If you really can summarize a book in a sentence or two, wouldn't the author have done that already?

Maybe it's time for me to reread Cryptonomicon. There are parts of that book I have absolutely no memory of, flipping through it, yet other parts I remember all too often (bicycle sprockets, comets of pee, bisecting alligators, van eck phreaking).

(also... > seige warfare ?)




> If you really can summarize a book in a sentence or two, wouldn't the author have done that already?

Not only is this possible to do, but it's often done. The problem is that it's not necessarily useful or sufficient to hear a mere summary of something.

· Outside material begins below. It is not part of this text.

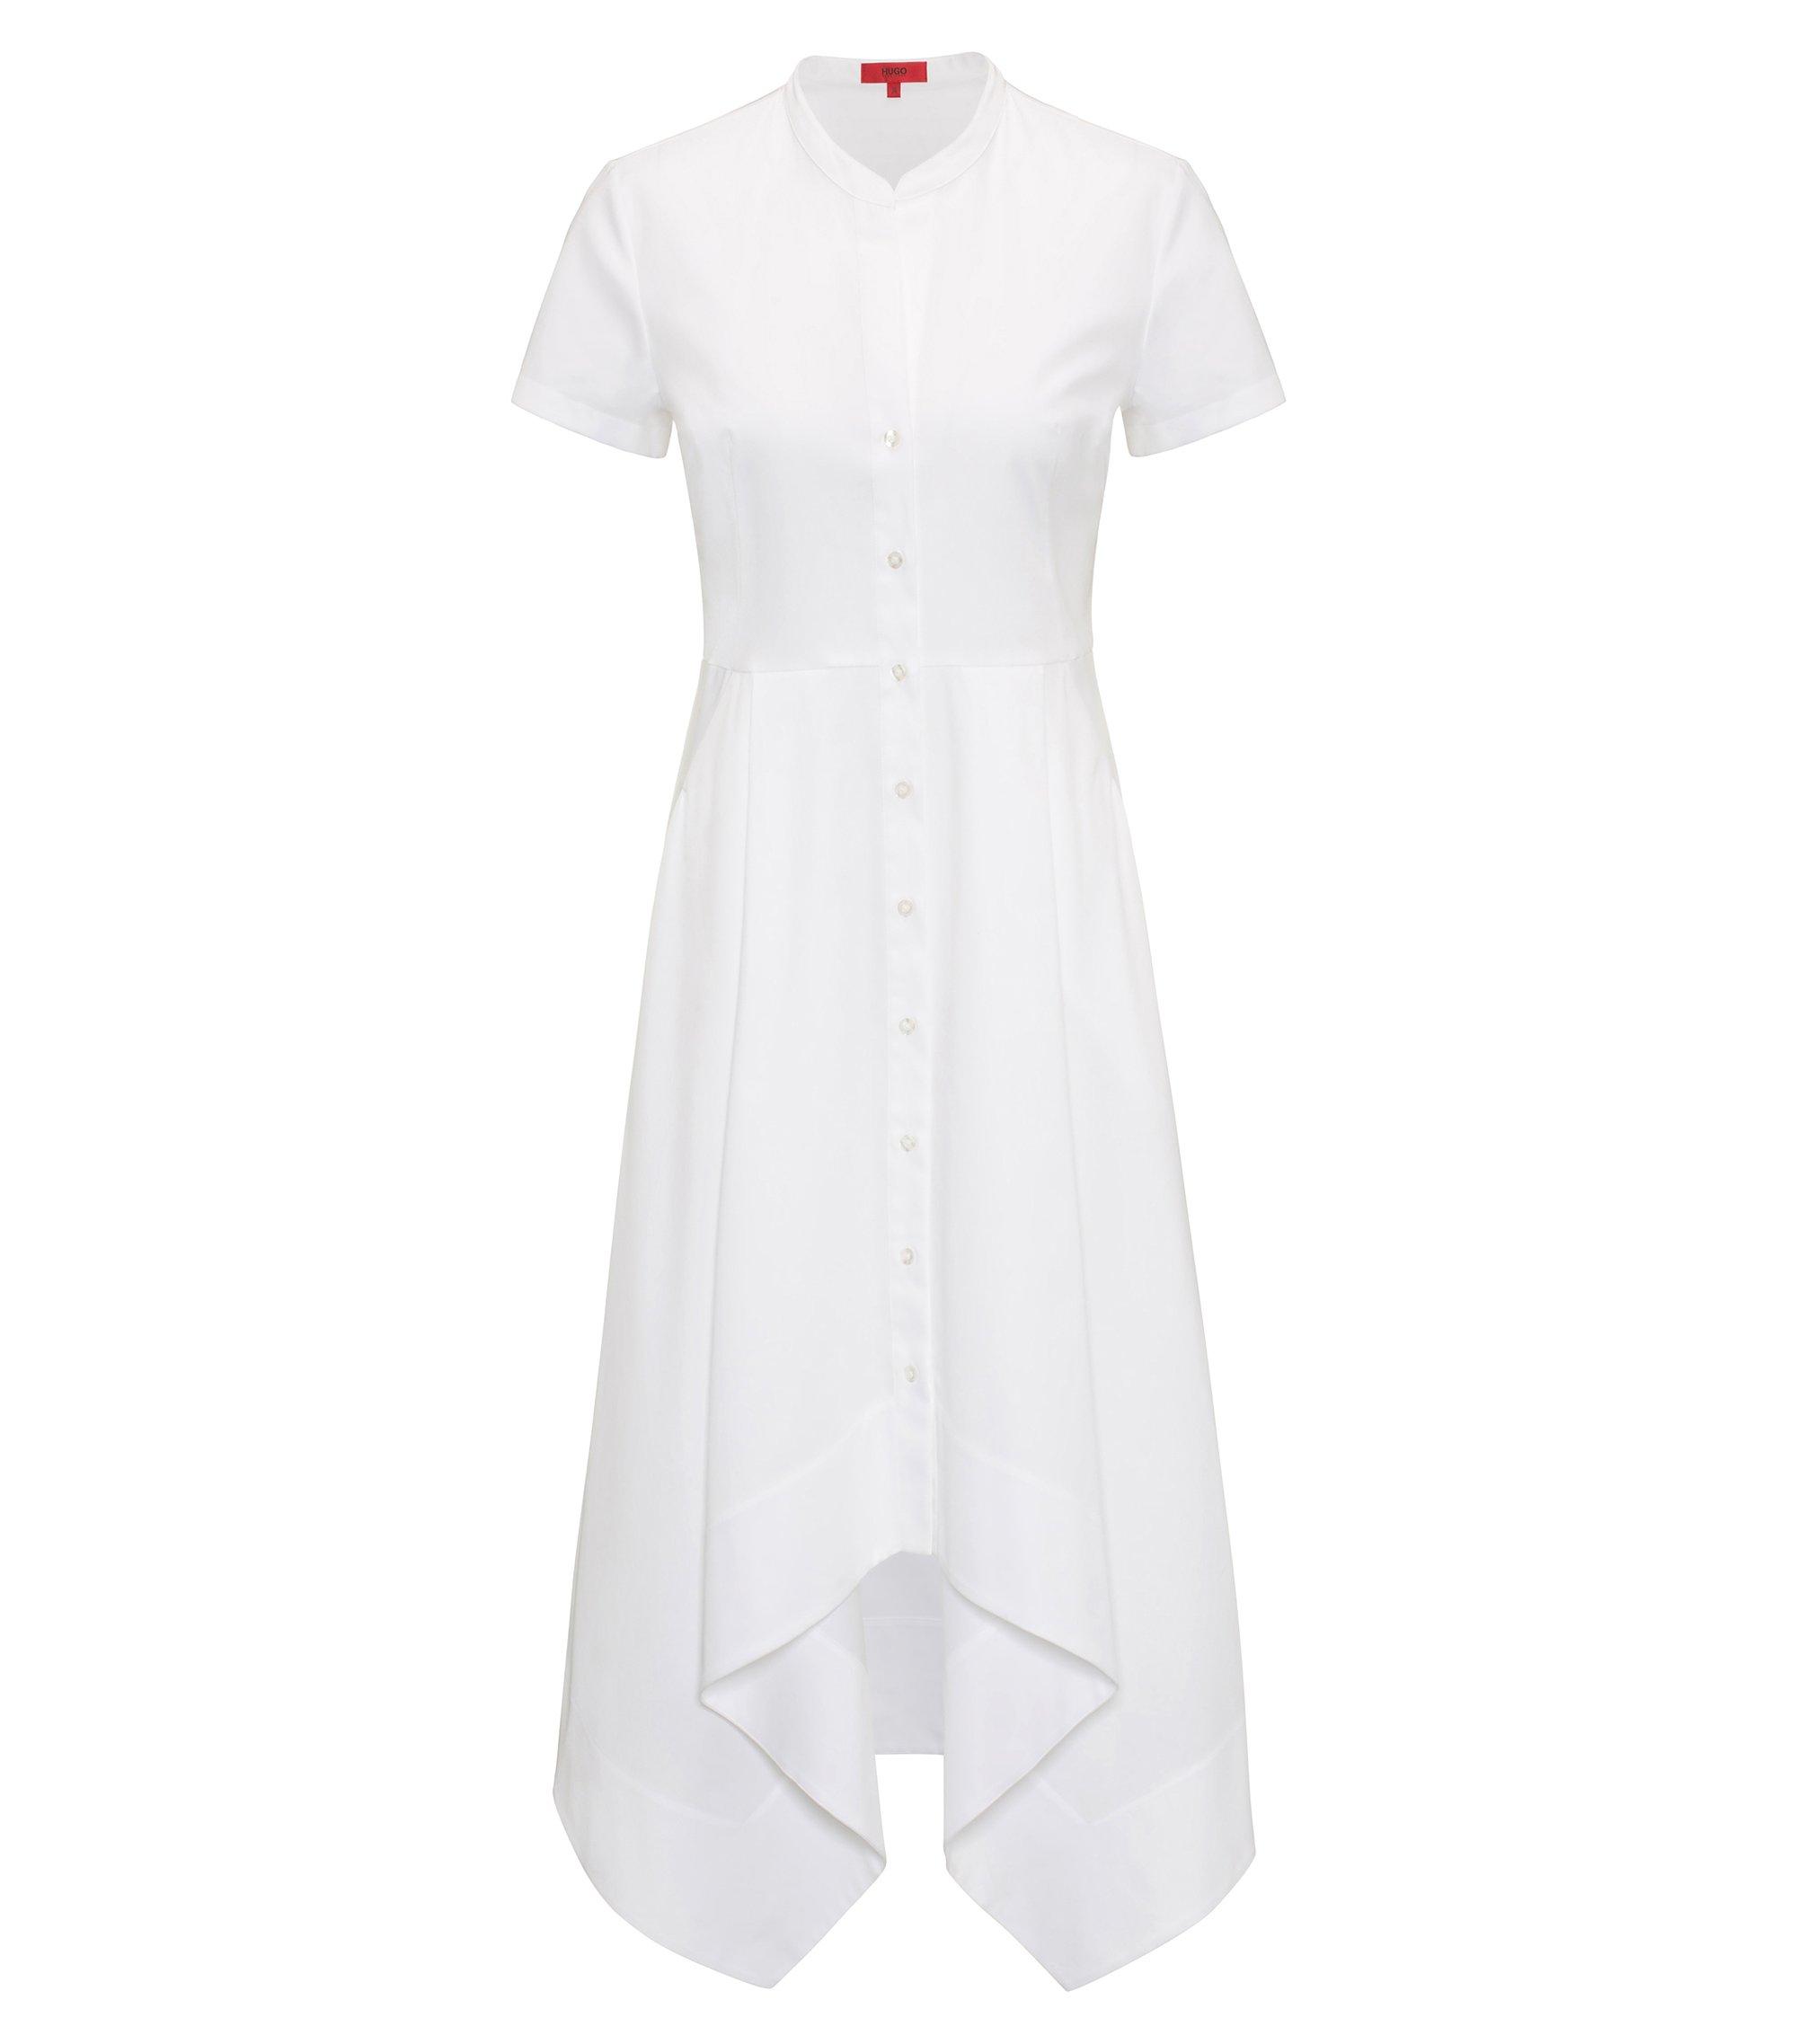 Hemdblusenkleid aus Stretch-Baumwolle, Weiß

For example, let's say I tell you that "Idea X is important." That's a simple idea, right? It only too me four words to express it. But do you believe me? Probably not, because I haven't spent any time or effort convincing you that idea X is important. And do you understand what idea X is? Probably not, because I haven't spent any time or effort explaining that. Etc.

Even if you can summarize it, you probably need to write the entire book for people to get the background information necessary for them to find your summary useful, otherwise it will go in one ear and out the other.


I'm gonna go out on a limb and say this has absolutely nothing to do with what PG was referencing in the article. I'm guessing he could at least give some broad overview of the book he's referencing. The issue seems to be that it seems so small in comparison to the book itself.


Well, exactly. The book as a whole accomplishes much more than a brief summary of it does, which is why it feels bad to lose all of that additional information.

I disagree with the parent that you still remember the content but can't summarize it concisely. I believe the opposite: you forget the specifics but retain the ability to summarize them.